Following up on the discussion about AI code review mandates, I want to share what we’ve learned implementing verification workflows in financial services. The short version: “Review everything manually” doesn’t scale, but you can’t just trust blindly either.
The Problem We Faced
Like many teams, we started with the simplest policy: AI can write code, humans must review all of it.
Within two months, we hit a wall:
- Review queue grew faster than we could clear it
- Senior engineers burned out on routine review work
- AI-generated code volume increased 3x (more code = more review)
- Review became the bottleneck, not code generation
We had made code generation faster but hadn’t adapted our verification systems. Classic optimization fallacy.
What We Built Instead
We designed a multi-layered verification approach that catches different types of issues at different stages, reducing the burden on human reviewers.
Layer 1: Pre-Commit Automated Checks
Before code even reaches a reviewer:
Static Analysis:
- Linting for code style and common errors
- Security scanning (OWASP dependency check, secrets detection)
- Complexity metrics (cyclomatic complexity, maintainability index)
AI-Specific Checks:
- Pattern matching for known AI failure modes (we’ve cataloged 23 common mistakes our AI tools make)
- Diff analysis - flag unusually large changes or rewrites
- Test coverage verification - AI code must include tests
Result: Catches ~40% of issues automatically, before human review
Layer 2: Automated Testing Gate
Code cannot be reviewed until:
- All unit tests pass (100% of existing tests, new tests for new code)

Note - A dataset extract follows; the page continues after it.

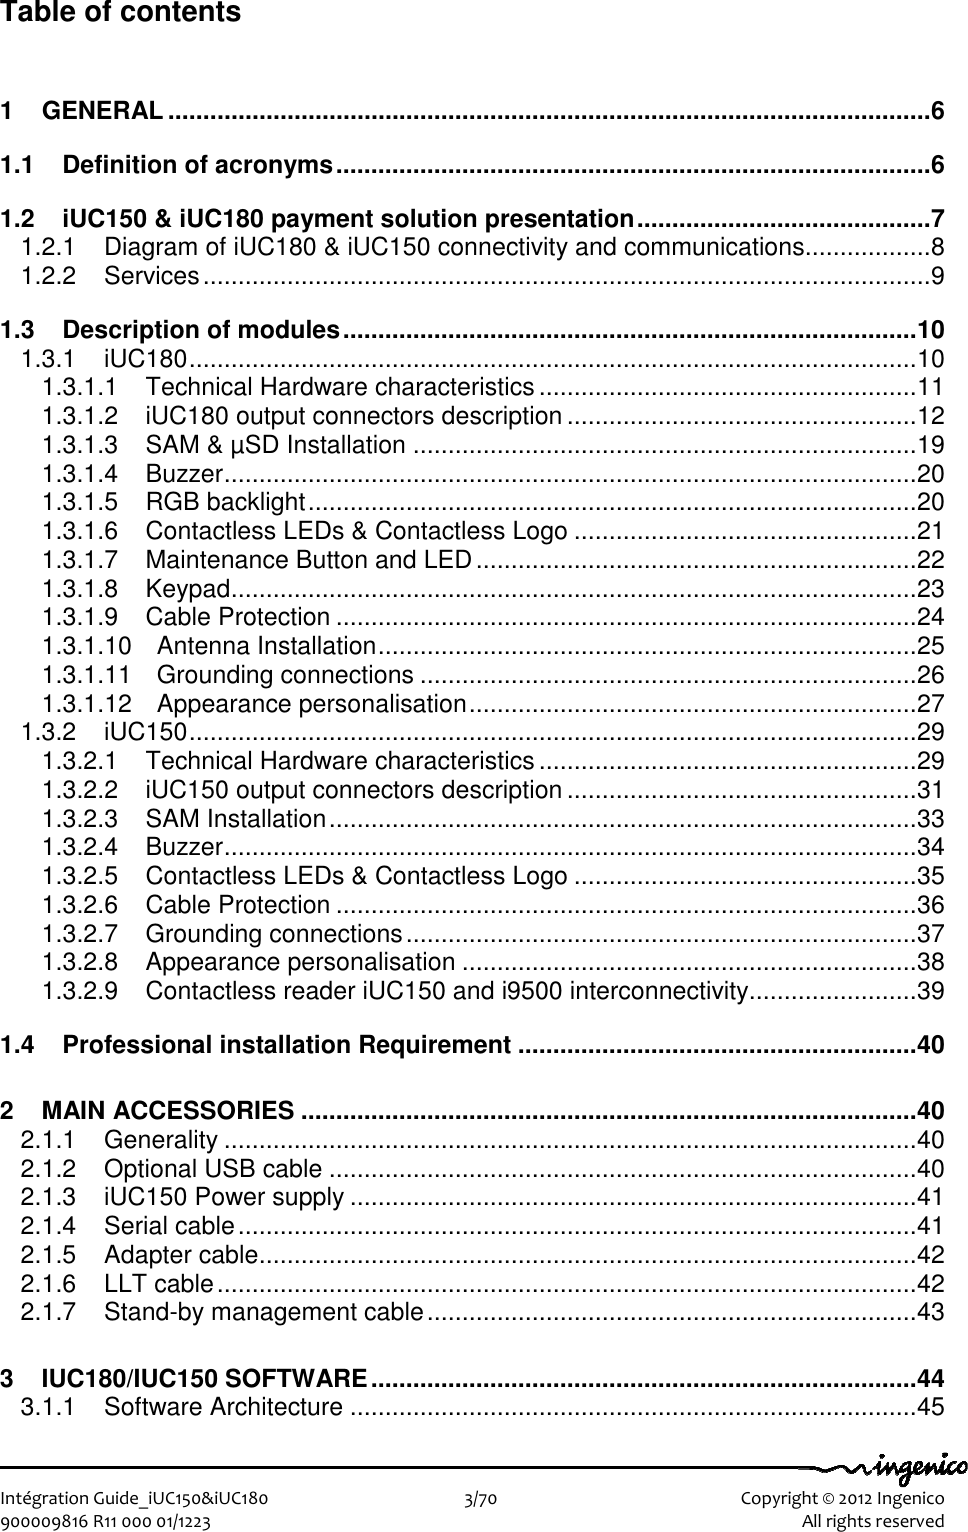   Intégration Guide_iUC150&amp;iUC180                        3/70    Copyright © 2012 Ingenico 900009816 R11 000 01/1223    All rights reserved Table of contents 1 GENERAL .............................................................................................................6 1.1 Definition of acronyms.....................................................................................6 1.2 iUC150 &amp; iUC180 payment solution presentation..........................................7 1.2.1 Diagram of iUC180 &amp; iUC150 connectivity and communications..................8 1.2.2 Services........................................................................................................9 1.3 Description of modules..................................................................................10 1.3.1 iUC180........................................................................................................10 1.3.1.1 Technical Hardware characteristics ......................................................11 1.3.1.2 iUC180 output connectors description ..................................................12 1.3.1.3 SAM &amp; µSD Installation ........................................................................19 1.3.1.4 Buzzer...................................................................................................20 1.3.1.5 RGB backlight.......................................................................................20 1.3.1.6 Contactless LEDs &amp; Contactless Logo .................................................21 1.3.1.7 Maintenance Button and LED...............................................................22 1.3.1.8 Keypad..................................................................................................23 1.3.1.9 Cable Protection ...................................................................................24 1.3.1.10 Antenna Installation.............................................................................25 1.3.1.11 Grounding connections .......................................................................26 1.3.1.12 Appearance personalisation................................................................27 1.3.2 iUC150........................................................................................................29 1.3.2.1 Technical Hardware characteristics ......................................................29 1.3.2.2 iUC150 output connectors description ..................................................31 1.3.2.3 SAM Installation....................................................................................33 1.3.2.4 Buzzer...................................................................................................34 1.3.2.5 Contactless LEDs &amp; Contactless Logo .................................................35 1.3.2.6 Cable Protection ...................................................................................36 1.3.2.7 Grounding connections.........................................................................37 1.3.2.8 Appearance personalisation .................................................................38 1.3.2.9 Contactless reader iUC150 and i9500 interconnectivity........................39 1.4 Professional installation Requirement .........................................................40 2 MAIN ACCESSORIES ........................................................................................40 2.1.1 Generality ...................................................................................................40 2.1.2 Optional USB cable ....................................................................................40 2.1.3 iUC150 Power supply .................................................................................41 2.1.4 Serial cable.................................................................................................41 2.1.5 Adapter cable..............................................................................................42 2.1.6 LLT cable....................................................................................................42 2.1.7 Stand-by management cable......................................................................43 3 IUC180/IUC150 SOFTWARE..............................................................................44 3.1.1 Software Architecture .................................................................................45

- Integration tests pass for affected systems
- Performance benchmarks meet thresholds
Result: Catches ~30% of remaining issues, proves functionality
Layer 3: Risk-Based Human Review
Only after passing automated checks, code goes to human review. But review depth varies by risk:
High-Risk (Tier 1): Money movement, auth, customer data
- Two senior engineers review architecture and business logic
- Security team reviews for vulnerabilities
- Compliance spot-checks audit trail
Medium-Risk (Tier 2): Business features, integrations
- One peer review focused on design and maintainability
- Automated checks must pass, reviewer focuses on “does this solve the right problem?”

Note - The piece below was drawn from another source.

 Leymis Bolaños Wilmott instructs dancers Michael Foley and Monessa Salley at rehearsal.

Low-Risk (Tier 3): Internal tools, scripts, documentation
- Self-review with automated verification
- Spot-checks by team lead (10% sampling)
Result: Human reviewers focus on problems machines can’t catch
Layer 4: Post-Deployment Monitoring
Even after review and deployment:
- Automated monitoring for errors and performance degradation
- Feature flags for gradual rollout
- Incident tracking tagged by “AI-generated” vs “human-written”
Result: We learn AI failure patterns and feed them back to Layer 1
The Data After 6 Months
We’ve been running this system for six months. Here’s what changed:
Before (manual review only):
- Average review time: 4.2 hours per PR
- Review queue: 22 PRs average
- Senior engineer time on review: 35% of week
- Defects caught in review: 73%
- Defects reaching production: 8 per month
After (layered verification):
- Average review time: 1.8 hours per PR (human review only)
- Review queue: 6 PRs average
- Senior engineer time on review: 12% of week
- Defects caught in automation: 68%
- Defects caught in review: 28%
- Defects reaching production: 6 per month (25% reduction)
Key insight: We’re catching MORE defects overall with LESS human review time. Automation catches the routine stuff, humans catch the subtle stuff.
Implementation Lessons
Start Small, Prove Value:
We piloted with one team (internal tools - low risk) for one month. Proved the system worked before rolling out to critical systems.
Catalog AI Failure Patterns:
We tracked every defect in AI-generated code for three months. Common patterns emerged:
- Incorrect error handling (AI often forgets edge cases)
- Over-optimization (AI writes complex code when simple would work)
- Context misunderstanding (AI doesn’t know business rules it wasn’t told)
These patterns became automated checks.
Invest in Infrastructure:
This isn’t free. We spent 6 weeks building:
- CI/CD pipeline enhancements
- Custom linting rules for AI patterns
- Dashboards for tracking defects by source (AI vs human)
But the ROI is clear: senior engineering time freed up for higher-value work.
The Remaining Challenges
This system isn’t perfect:
- Junior engineers still need mentorship: Automated checks don’t teach judgment
- Novel problems slip through: AI sometimes fails in creative ways automation doesn’t catch
- Maintenance overhead: Verification rules need updating as AI tools evolve
- Cultural resistance: Some engineers believe “manual review is the only real review”
We’re still iterating.
My Question for This Community
What verification automation are you running? Are you just using standard linting, or have you built AI-specific checks?
And for those still doing mostly manual review: What would it take to trust automation more? Is it lack of tooling, or lack of confidence in what automation can catch?
I’m convinced that as AI code generation accelerates, verification must accelerate too - and humans can’t review fast enough. Automation isn’t optional anymore.